> **EXERCISE INPUT**
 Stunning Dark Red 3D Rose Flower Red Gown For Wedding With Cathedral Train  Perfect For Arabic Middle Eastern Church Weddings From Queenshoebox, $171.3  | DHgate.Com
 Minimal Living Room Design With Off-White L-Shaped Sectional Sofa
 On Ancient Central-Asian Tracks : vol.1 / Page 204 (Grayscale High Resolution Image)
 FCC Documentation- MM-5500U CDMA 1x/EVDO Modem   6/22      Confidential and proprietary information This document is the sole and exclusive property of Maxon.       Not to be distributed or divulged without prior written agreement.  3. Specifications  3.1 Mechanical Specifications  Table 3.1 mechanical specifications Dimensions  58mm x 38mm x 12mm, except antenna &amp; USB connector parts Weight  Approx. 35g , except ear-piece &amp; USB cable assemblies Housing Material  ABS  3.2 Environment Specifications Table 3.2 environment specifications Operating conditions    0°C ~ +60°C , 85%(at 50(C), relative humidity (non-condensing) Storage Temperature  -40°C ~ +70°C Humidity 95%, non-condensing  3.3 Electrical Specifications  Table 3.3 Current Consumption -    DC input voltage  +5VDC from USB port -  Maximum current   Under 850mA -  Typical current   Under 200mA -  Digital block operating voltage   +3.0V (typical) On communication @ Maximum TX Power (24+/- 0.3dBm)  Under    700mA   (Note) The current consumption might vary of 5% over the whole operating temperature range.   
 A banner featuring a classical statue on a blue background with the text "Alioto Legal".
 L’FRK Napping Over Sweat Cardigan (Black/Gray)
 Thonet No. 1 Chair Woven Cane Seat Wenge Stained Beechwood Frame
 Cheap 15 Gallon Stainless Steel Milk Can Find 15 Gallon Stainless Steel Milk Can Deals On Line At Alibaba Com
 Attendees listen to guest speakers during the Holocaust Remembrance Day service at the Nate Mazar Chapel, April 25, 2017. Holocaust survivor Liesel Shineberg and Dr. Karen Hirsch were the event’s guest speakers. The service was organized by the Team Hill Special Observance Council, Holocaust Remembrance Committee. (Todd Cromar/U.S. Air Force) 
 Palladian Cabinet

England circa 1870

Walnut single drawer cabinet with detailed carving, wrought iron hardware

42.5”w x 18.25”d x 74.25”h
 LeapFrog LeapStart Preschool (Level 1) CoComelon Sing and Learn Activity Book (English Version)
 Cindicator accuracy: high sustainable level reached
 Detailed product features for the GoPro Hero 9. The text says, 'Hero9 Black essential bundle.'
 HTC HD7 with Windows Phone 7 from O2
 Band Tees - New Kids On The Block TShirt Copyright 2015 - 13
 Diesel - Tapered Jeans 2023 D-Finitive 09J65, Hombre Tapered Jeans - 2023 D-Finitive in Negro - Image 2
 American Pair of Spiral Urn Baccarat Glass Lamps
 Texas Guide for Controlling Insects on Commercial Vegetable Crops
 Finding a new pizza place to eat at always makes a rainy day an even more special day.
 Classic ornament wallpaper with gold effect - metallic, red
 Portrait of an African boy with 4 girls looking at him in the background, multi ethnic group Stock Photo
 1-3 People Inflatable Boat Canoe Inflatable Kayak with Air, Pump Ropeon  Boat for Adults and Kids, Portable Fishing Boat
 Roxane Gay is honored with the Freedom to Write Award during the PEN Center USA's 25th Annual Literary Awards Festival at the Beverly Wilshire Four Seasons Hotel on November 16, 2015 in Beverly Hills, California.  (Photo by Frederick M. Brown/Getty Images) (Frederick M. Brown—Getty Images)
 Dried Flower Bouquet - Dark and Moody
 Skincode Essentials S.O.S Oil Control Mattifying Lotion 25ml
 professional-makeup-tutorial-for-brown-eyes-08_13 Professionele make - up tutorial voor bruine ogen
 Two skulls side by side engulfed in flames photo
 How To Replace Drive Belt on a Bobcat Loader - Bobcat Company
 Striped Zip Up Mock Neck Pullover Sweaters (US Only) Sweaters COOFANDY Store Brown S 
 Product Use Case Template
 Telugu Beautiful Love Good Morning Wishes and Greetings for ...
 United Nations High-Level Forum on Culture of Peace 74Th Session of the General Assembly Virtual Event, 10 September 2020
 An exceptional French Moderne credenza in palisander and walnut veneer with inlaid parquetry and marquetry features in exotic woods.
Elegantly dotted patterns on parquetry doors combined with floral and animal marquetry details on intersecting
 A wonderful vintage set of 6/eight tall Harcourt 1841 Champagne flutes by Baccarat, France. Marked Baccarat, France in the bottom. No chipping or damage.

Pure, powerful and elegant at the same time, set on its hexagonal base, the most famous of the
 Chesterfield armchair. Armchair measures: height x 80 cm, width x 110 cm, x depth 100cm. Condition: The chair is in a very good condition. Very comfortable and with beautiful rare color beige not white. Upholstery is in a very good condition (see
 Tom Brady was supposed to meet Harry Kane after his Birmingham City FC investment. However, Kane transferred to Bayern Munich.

> **WHAT YOU SHOULD DO**
In the records, which lines mention the word "background"? Copy those lines.

> **RESULT OF THE TASK**
 A banner featuring a classical statue on a blue background with the text "Alioto Legal".
 Portrait of an African boy with 4 girls looking at him in the background, multi ethnic group Stock Photo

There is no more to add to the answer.